Corps de carbone, corps de lumière — et moi, entre les deux
- Florence Gourret
- 10 juil.
- 4 min de lecture
La dimension spirituelle de l'alimentation
J'ai toujours cru que j'étais un arbre planté à l'envers.
La plupart des gens naissent, plantent leurs racines, forment leur tronc, puis grandissent leurs branches. Moi, je suis arrivée sur Terre avec mes branches déjà déployées — la vision, la sensibilité, la connexion aux plans subtils, la capacité à sentir ce qui ne se voit pas. Mais sans racines. Sans cette assise fondamentale dans la matière qui permet à tout le reste de tenir.
Pendant des décennies, j'ai flotté. Riche en haut, instable en bas.
Ce que j'ai compris progressivement — par le corps, pas par la tête — c'est que je devais chercher la terre. Littéralement.
Les mains dans le sol
En 2020, j'ai fait un choix que beaucoup n'ont pas compris : je me suis investie dans le maraîchage bio. Par conviction idéologique et environnementale, oui. Mais aussi — et je le comprends mieux aujourd'hui — par un besoin profond d'ancrage dans la terre. Physiquement. Concrètement. Les mains dans le sol, la boue sous les ongles, le rythme des saisons dans le corps.
L'arbre planté à l'envers qui décide d'aller chercher la terre lui-même.
Ce n'était pas encore suffisant. Mais c'était le début.
Le corps de lumière et sa promesse
Il existe une vision que je porte depuis environ trois ans, qui a profondément éclairé ma compréhension de l'alimentation. Une vision qui dit que le corps humain est en pleine transformation — pas seulement physiologique, mais vibratoire, cellulaire, spirituelle.
La transition carbone-cristallin.
Dans les traditions ésotériques chrétiennes, on parle de Corps de Lumière ou Corps Christique. Dans le bouddhisme vajrayana, de Corps de Diamant. Dans les courants spirituels contemporains liés à l'Ascension, on parle de transformation cellulaire — le corps dense, carboné, matériel, qui se raffine progressivement vers une structure cristalline, capable de capter et de transmettre des fréquences plus élevées.
Dans cette cosmologie, l'alimentation a un rôle précis. Les plantes fraîches, nourries par la photosynthèse, portent la lumière solaire directement dans les cellules. Elles seraient les aliments les mieux adaptés à un corps en cours d'élévation vibratoire. La chair animale, dense, porteuse de la fréquence de la mort, freinerait ce processus. À terme, les humains évolués ne se nourriront plus de matière — mais de prana, de lumière pure.
C'est beau. C'est cohérent. Mon corps, lui, avait un autre avis.
La contradiction vivante
Je ne dis pas que cette vision est fausse. Je dis que mon expérience l'a mise à l'épreuve — et que le résultat m'a obligée à penser plus finement.

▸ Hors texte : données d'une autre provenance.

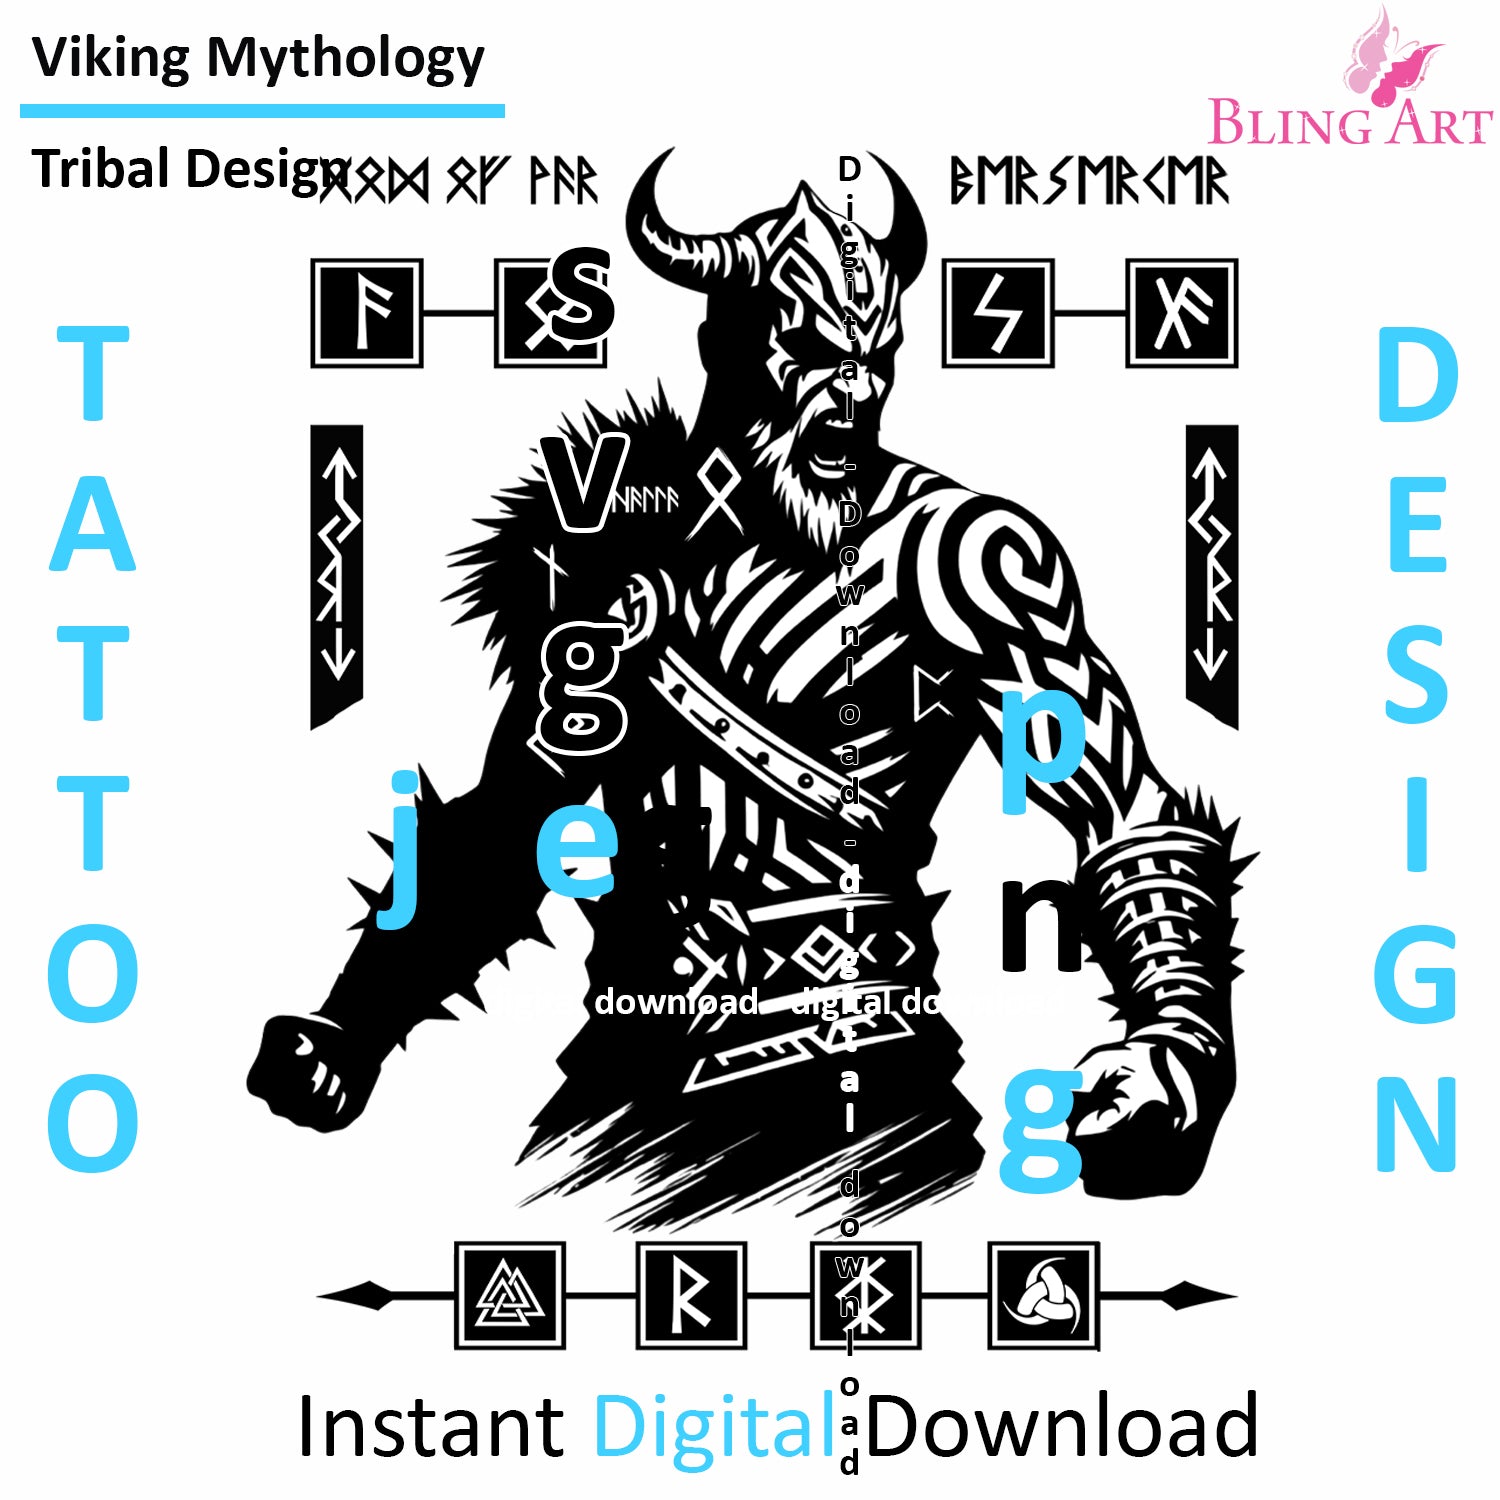 Viking God of War Tyr - Digital Design (PNG, JPEG, SVG) - Instant Download for Tattoos, T-Shirts, Wall Art
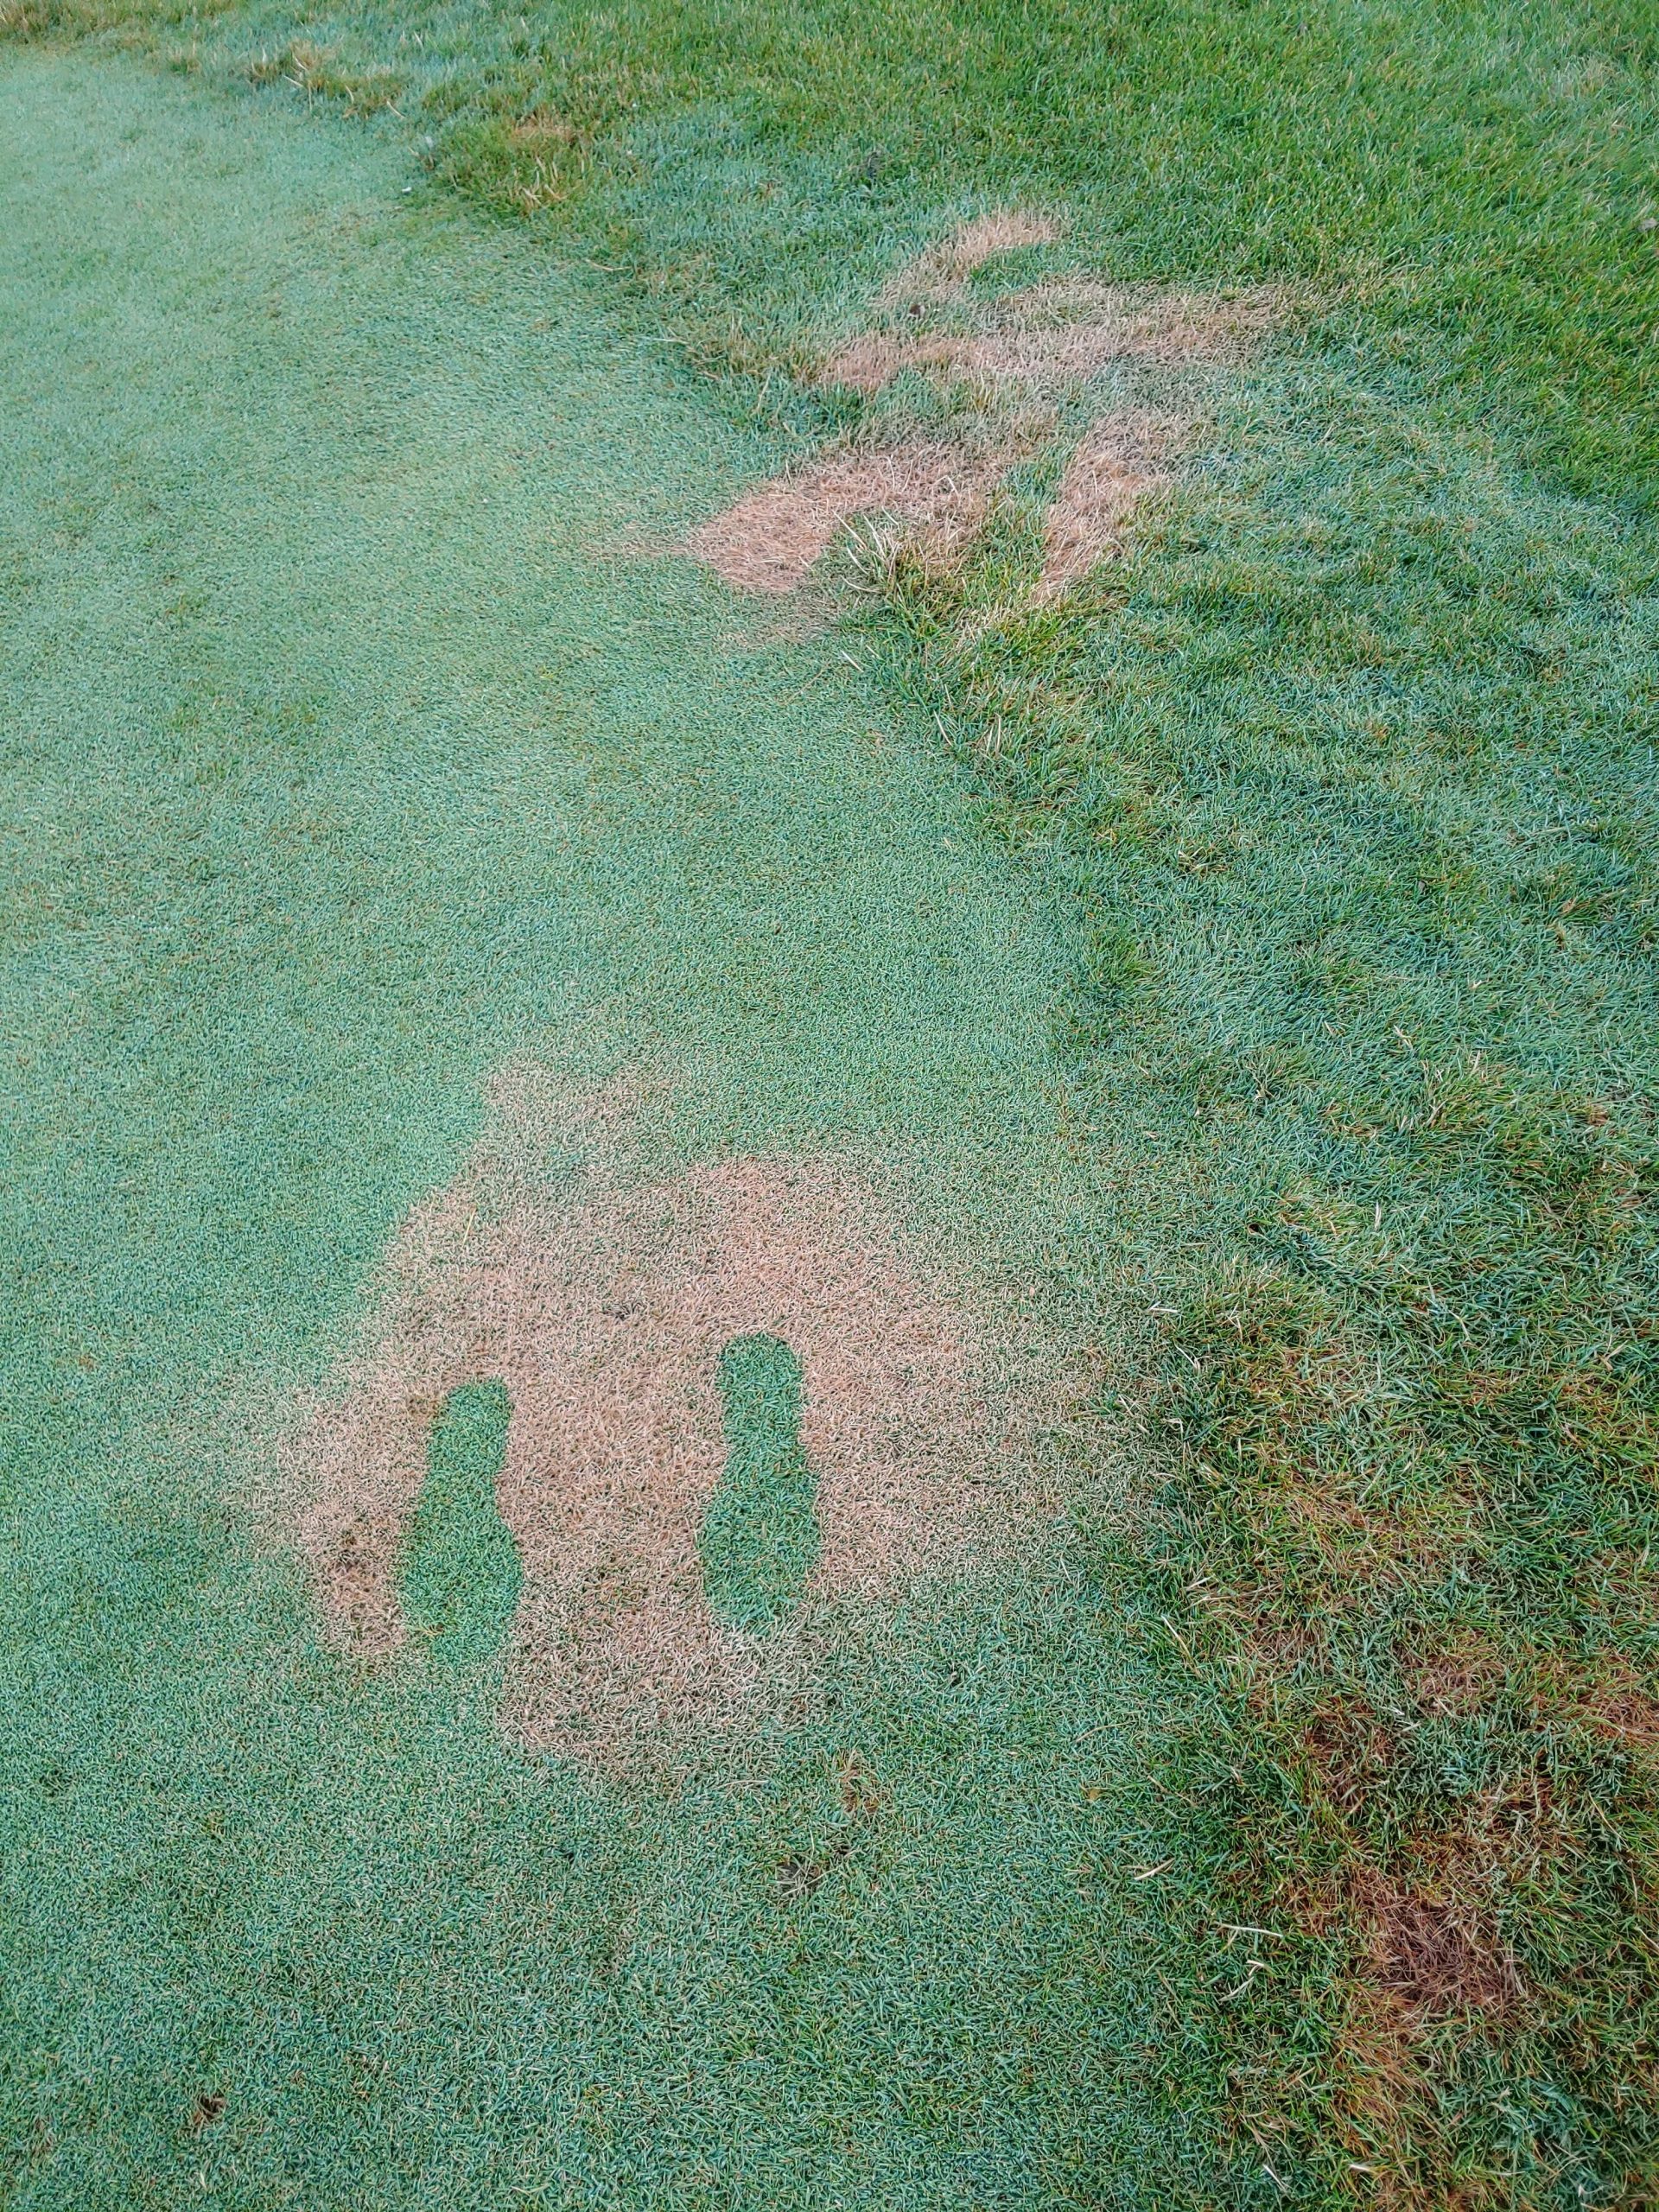 Image of turf burned by bug spray.

Dix-huit ans de végétarisme bio, consciencieux, spirituellement intentionné. Et un corps qui se dégradait système après système, silencieusement. Jusqu'à ce qu'il refuse physiquement la nourriture végétale — un signal si fort, si corporel, qu'il était impossible de l'ignorer.
Quand j'ai adopté le régime carnivore le 31 janvier 2024 — mon corps s'est mis à guérir. Rapidement. Profondément. Et ma clarté mentale, ma stabilité émotionnelle, ma lucidité — tout ce qu'on associerait à une élévation vibratoire — se sont elles aussi améliorées.
Comment réconcilier les deux ?
Une hypothèse — descendre pour monter
Peut-être que la transformation vers un corps de lumière n'est pas un chemin droit. Peut-être qu'elle exige d'abord une fondation — un corps réparé, reminéralisé, ancré dans sa densité physique. Un corps qui a récupéré les outils dont il a besoin pour tenir la fréquence haute.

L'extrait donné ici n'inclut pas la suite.